# [Task goal]
Output the data below exactly as it is, dropping the pictures from your copy.

# [Dataset content]
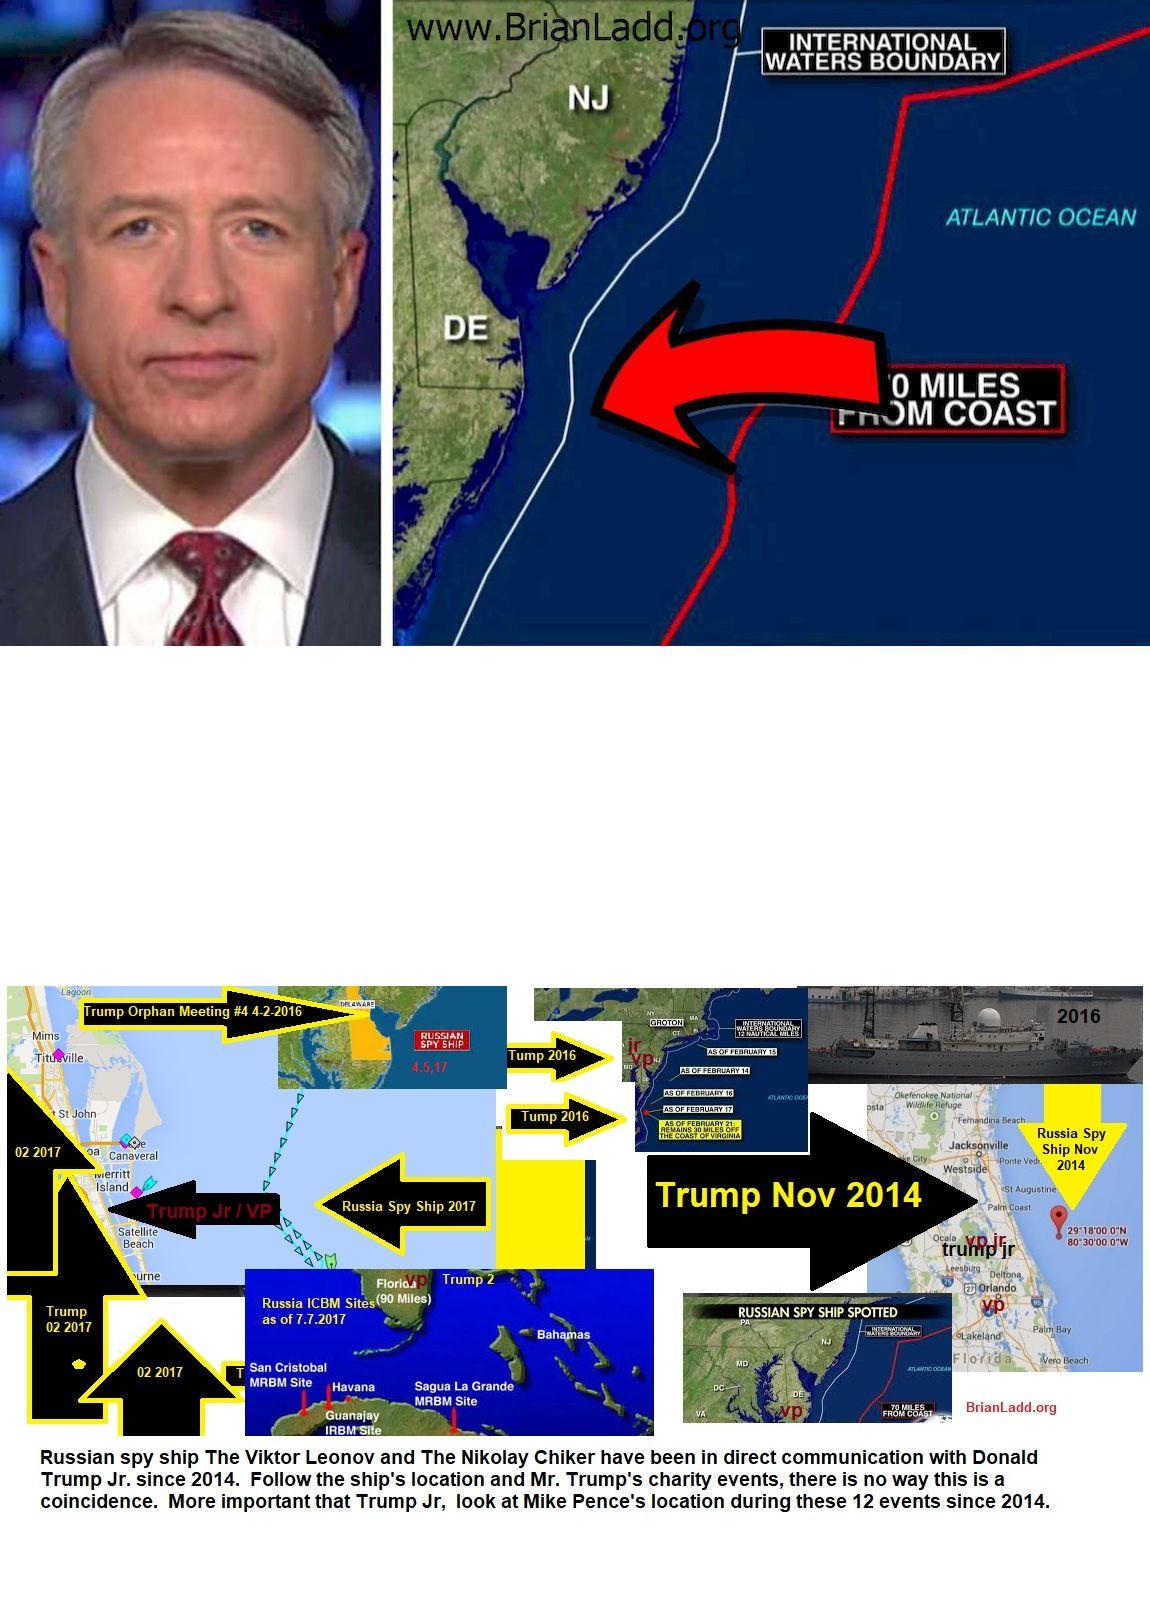 images_q=tbn_ANd223GcRfjpZzhAaFLM8pKBR2b748mBCB1RQ_7V8BGioBkzj4NVol0dFM6A_russian_spy_ship_acciden.jpg
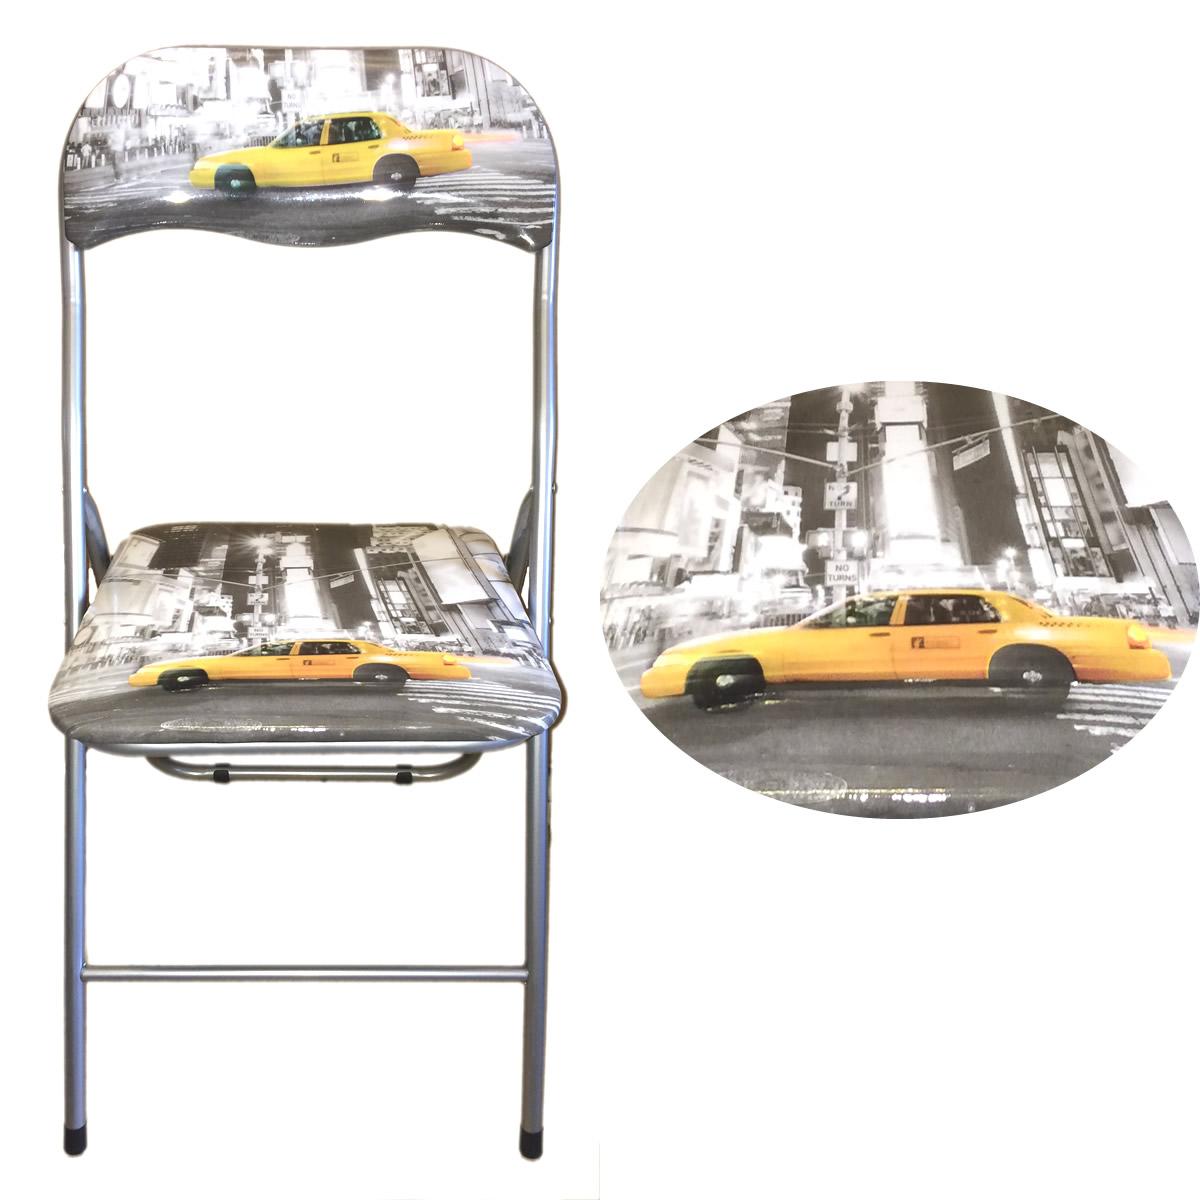 Design klappstuhl besucherstuhl faltstuhl beistellstuhl for Besucherstuhl design
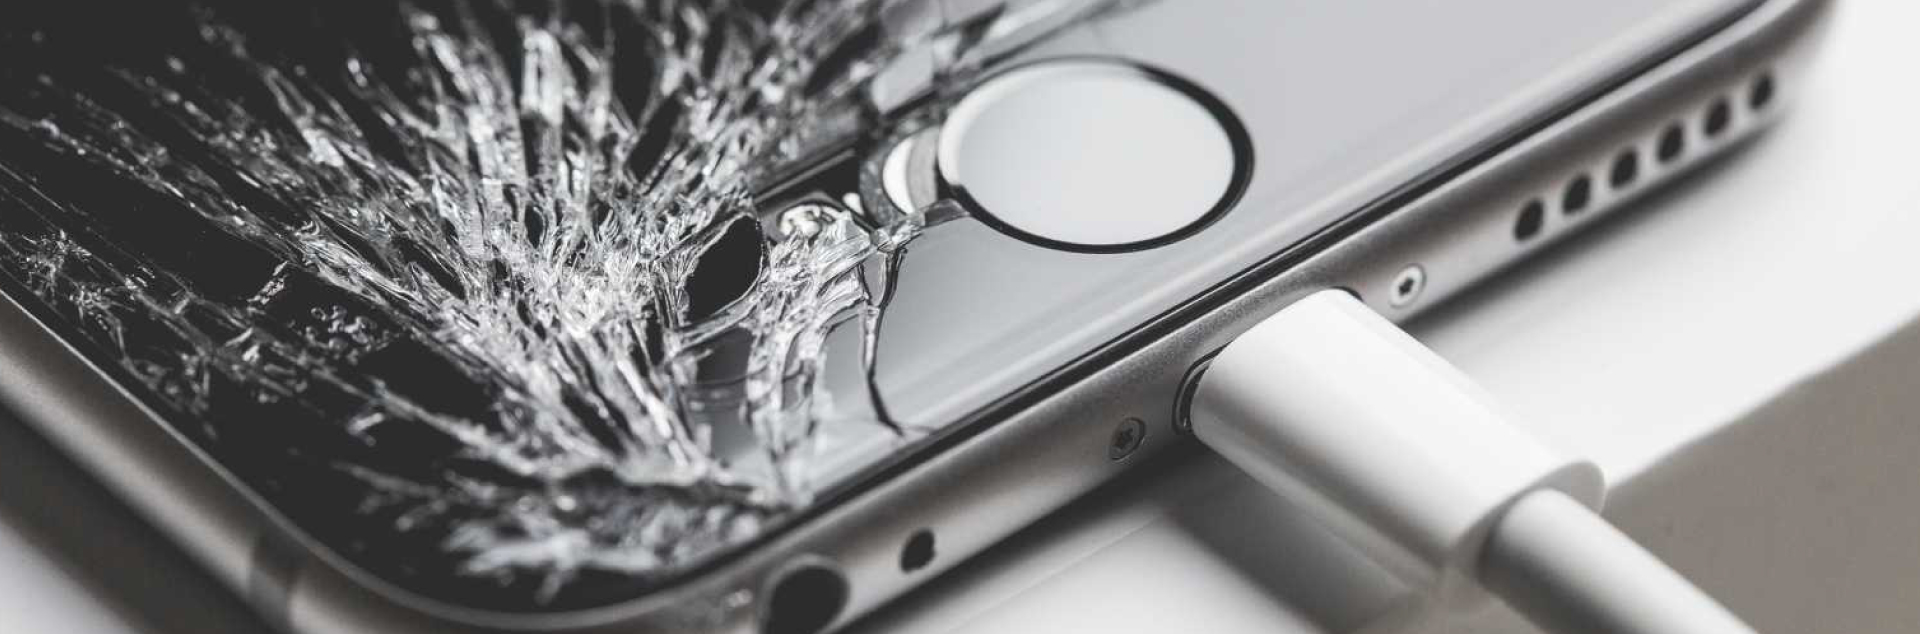 iPhone修理の正規店と非正規店の違い!iPhone修理店の選び方
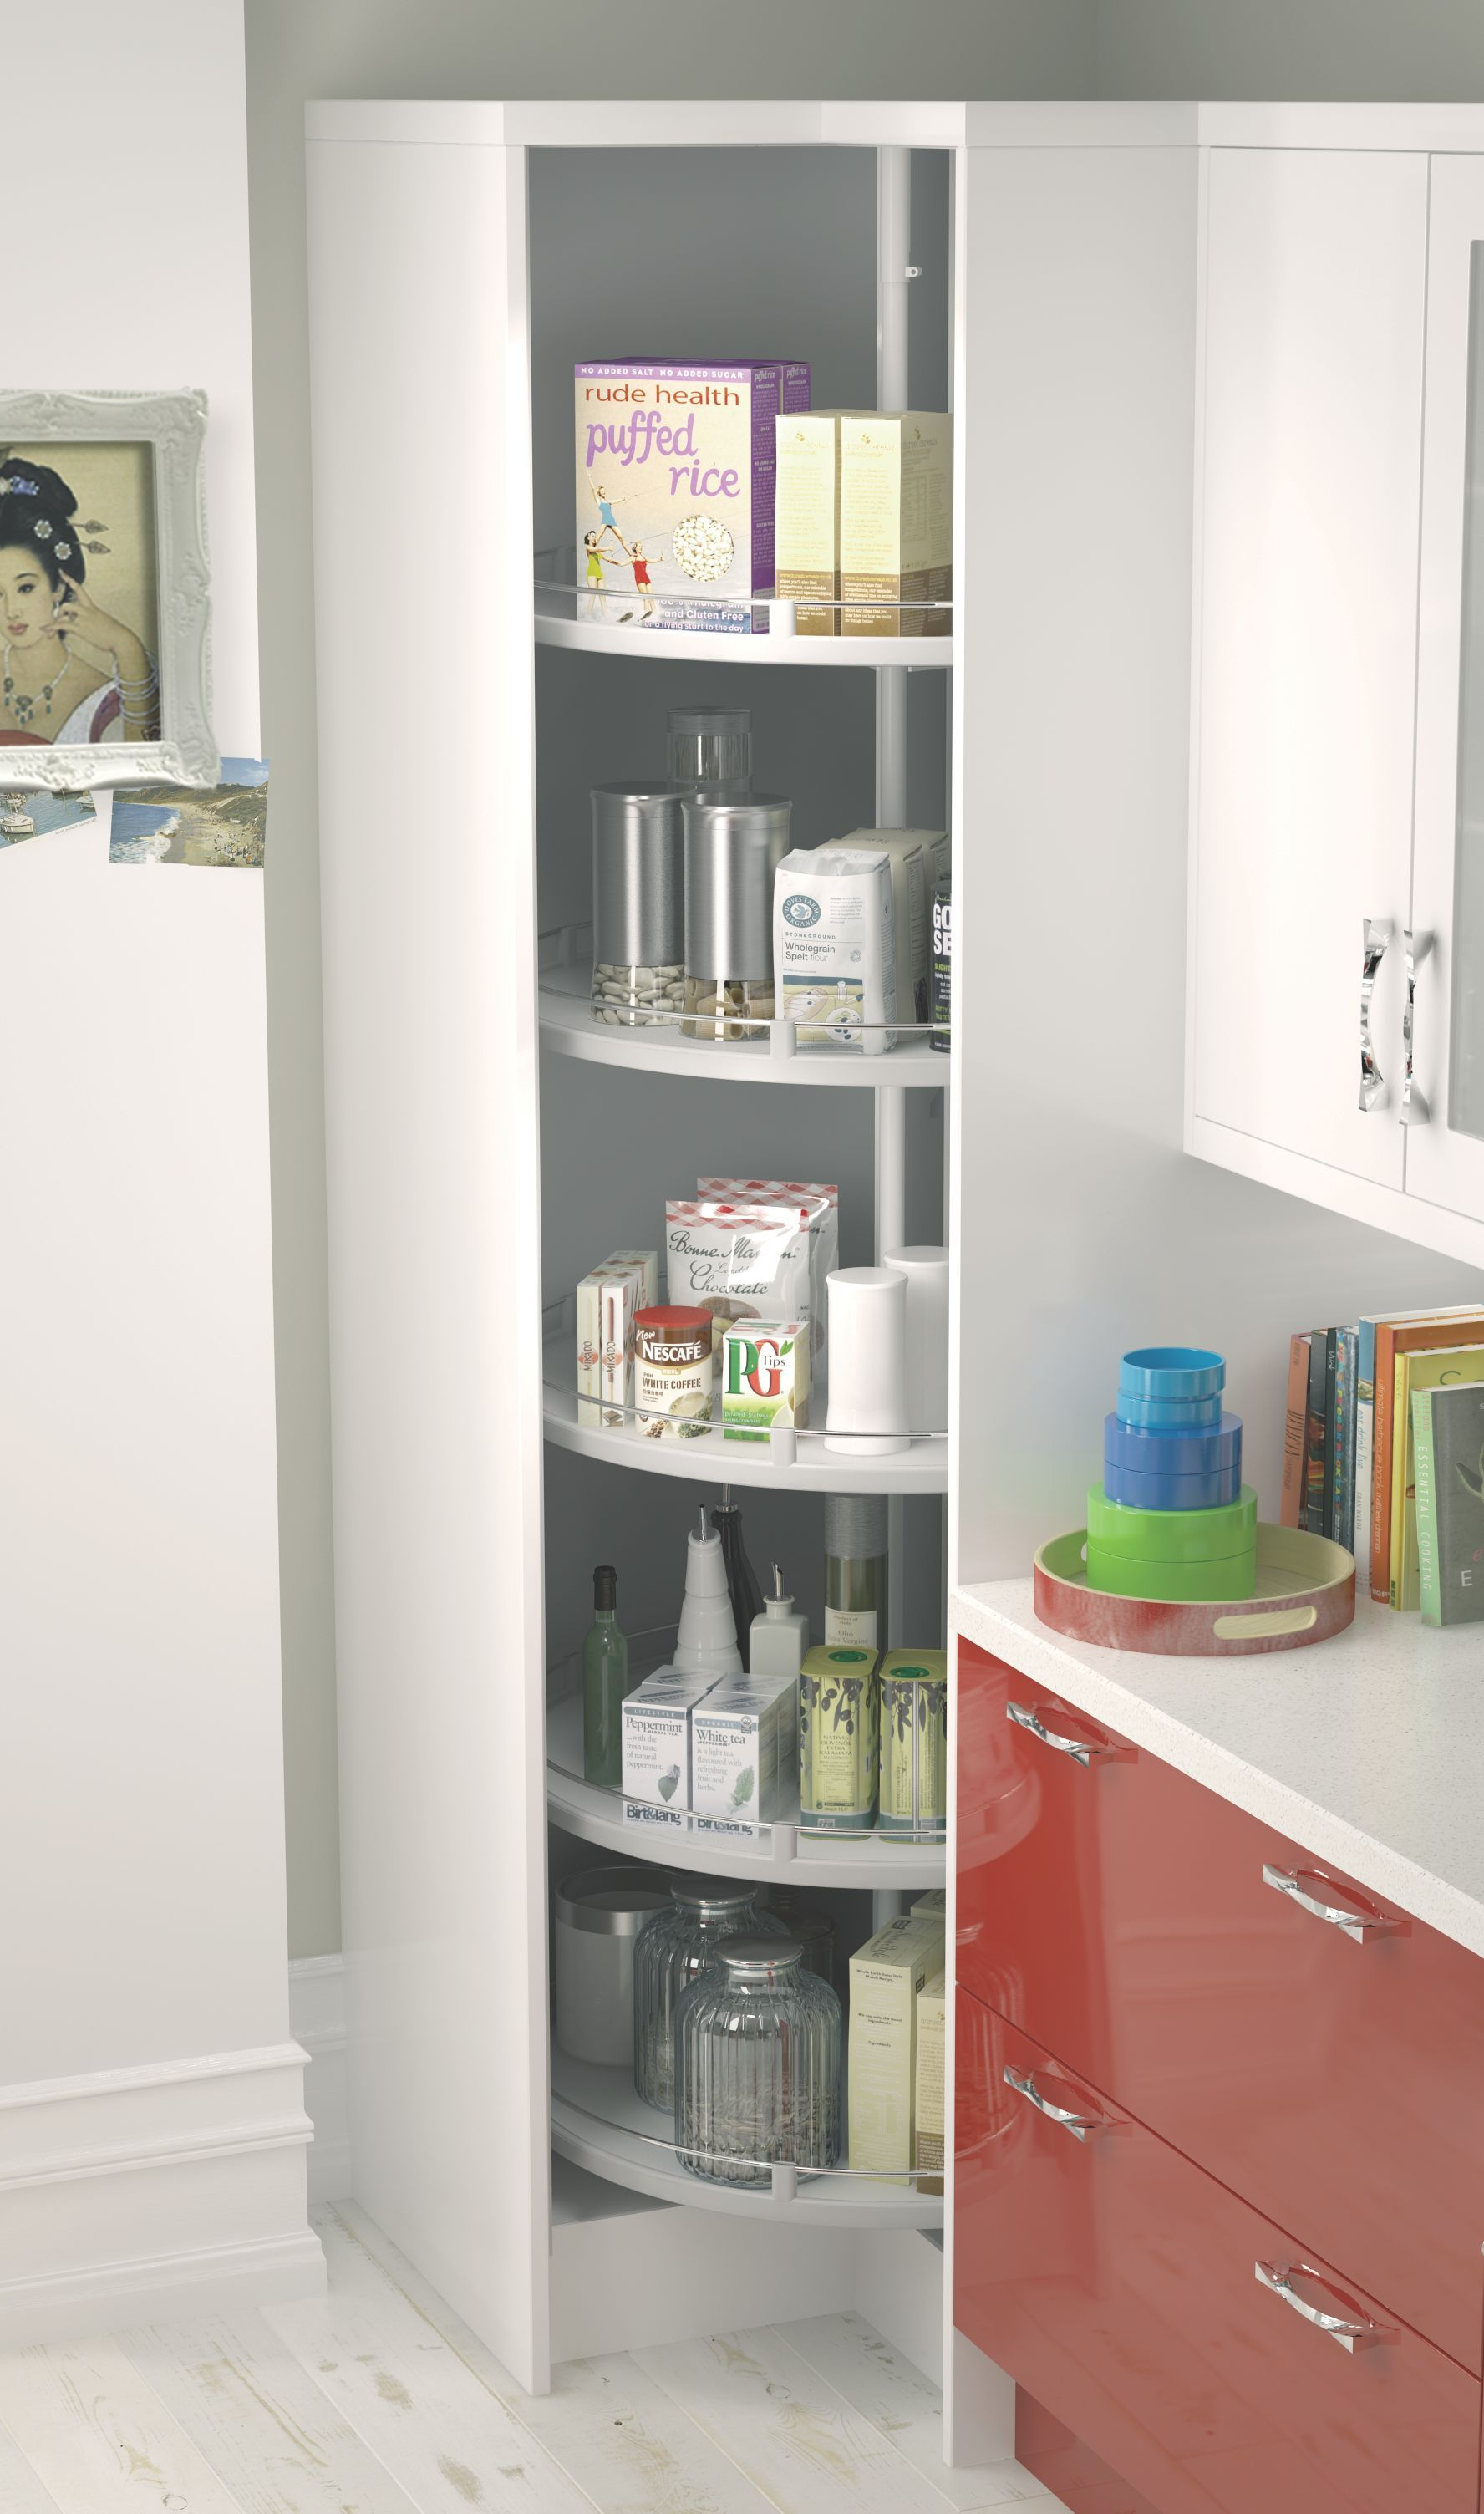 B&Qwhite Storage System Departments DIY at B&Q

# [Your solution]
 images_q=tbn_ANd223GcRfjpZzhAaFLM8pKBR2b748mBCB1RQ_7V8BGioBkzj4NVol0dFM6A_russian_spy_ship_acciden.jpg
 Design klappstuhl besucherstuhl faltstuhl beistellstuhl for Besucherstuhl design
 iPhone修理の正規店と非正規店の違い!iPhone修理店の選び方
 B&Qwhite Storage System Departments DIY at B&Q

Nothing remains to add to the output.